Pressure-head equivalence: 1 kg per square metre corresponds to how many millimetres of water column?

Difficulty: Easy

Correct Answer: 1

Explanation:


Introduction / Context:
Engineering pressure units are often interconverted between force/area (or weight/area) and a fluid head such as millimetres of water column. Being fluent with this conversion helps in calibrating manometers, specifying blower performance, and reading differential pressure indicators.


Given Data / Assumptions:

  • Quantity given: 1 kg/m^2, interpreted as weight per unit area.
  • Standard gravity: g ≈ 9.80665 m/s^2.
  • Density of water near room temperature: rho ≈ 1000 kg/m^3.
  • Definition: 1 mm H2O is the hydrostatic pressure from a 1 mm water column.


Concept / Approach:
Convert weight per area into pascals, then compare with the pressure represented by 1 mm of water head. Hydrostatic relation: P = rho * g * h. Also, 1 kg/m^2 corresponds to P = g N/m^2 because 1 kg of mass under gravity exerts g newtons of weight.


Step-by-Step Solution:
Compute pressure from 1 kg/m^2: P = 1 * g ≈ 9.80665 Pa.Pressure from 1 mm H2O: P_mm = rho * g * h = 1000 * 9.80665 * 0.001 = 9.80665 Pa.Therefore, 1 kg/m^2 equals exactly the pressure of 1 mm of water column (at standard conditions).

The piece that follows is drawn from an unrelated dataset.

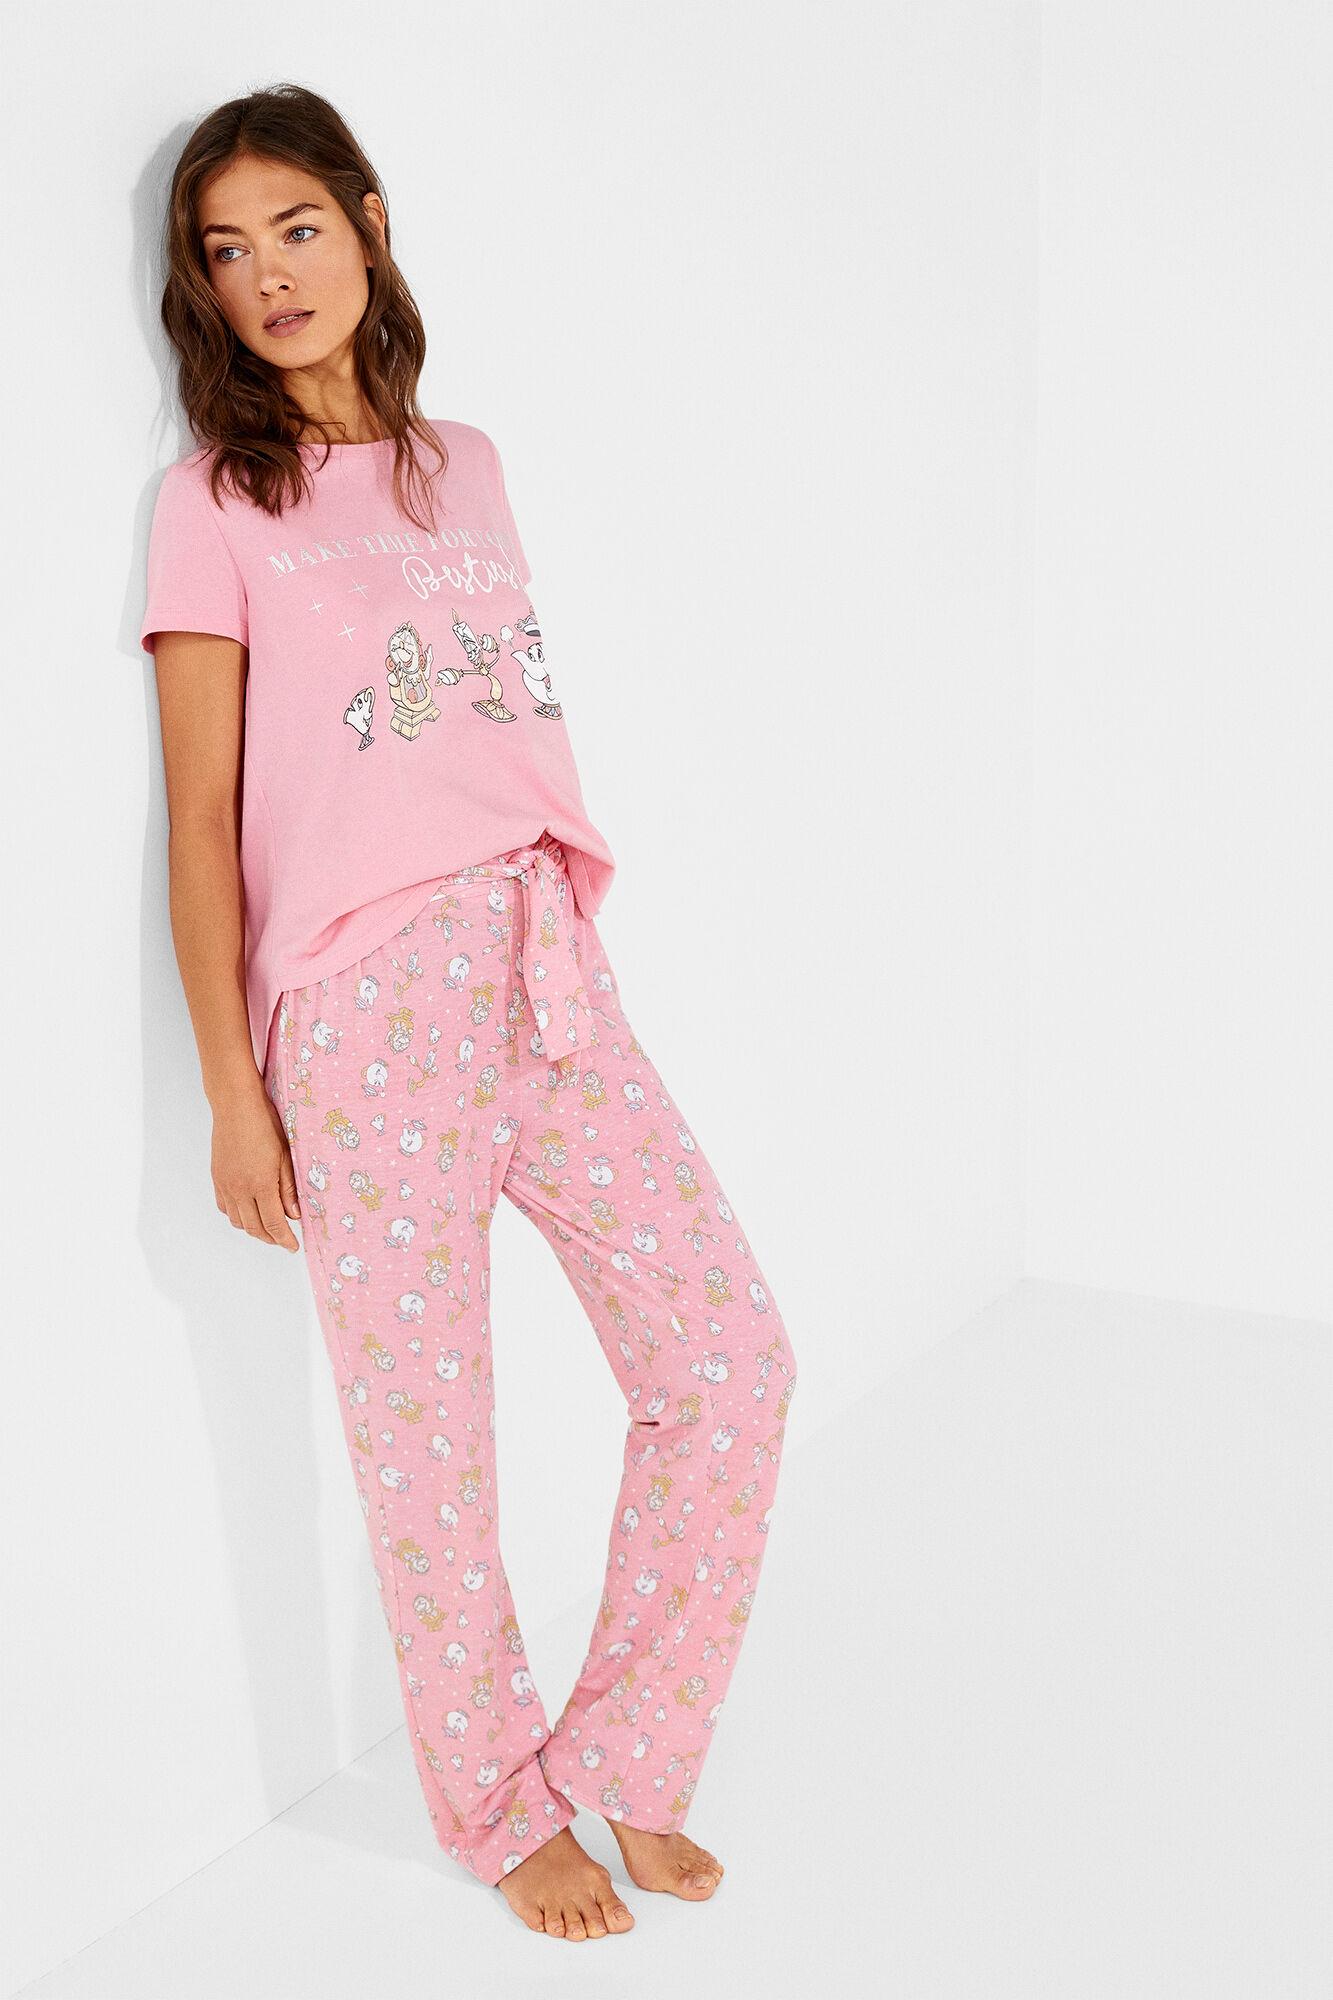 cbbca8a10c Long Beauty and the Beast pyjamas

Verification / Alternative check:
Dimensional check confirms both are pressures in pascals and numerically identical using standard gravity and water density.


Why Other Options Are Wrong:
10, 100, and 1000 mm H2O would be 10×, 100×, and 1000× larger pressures; 0.1 is 10× too small.


Common Pitfalls:
Confusing kilogram-force with kilogram of mass; forgetting to include g; using centimetres of water instead of millimetres.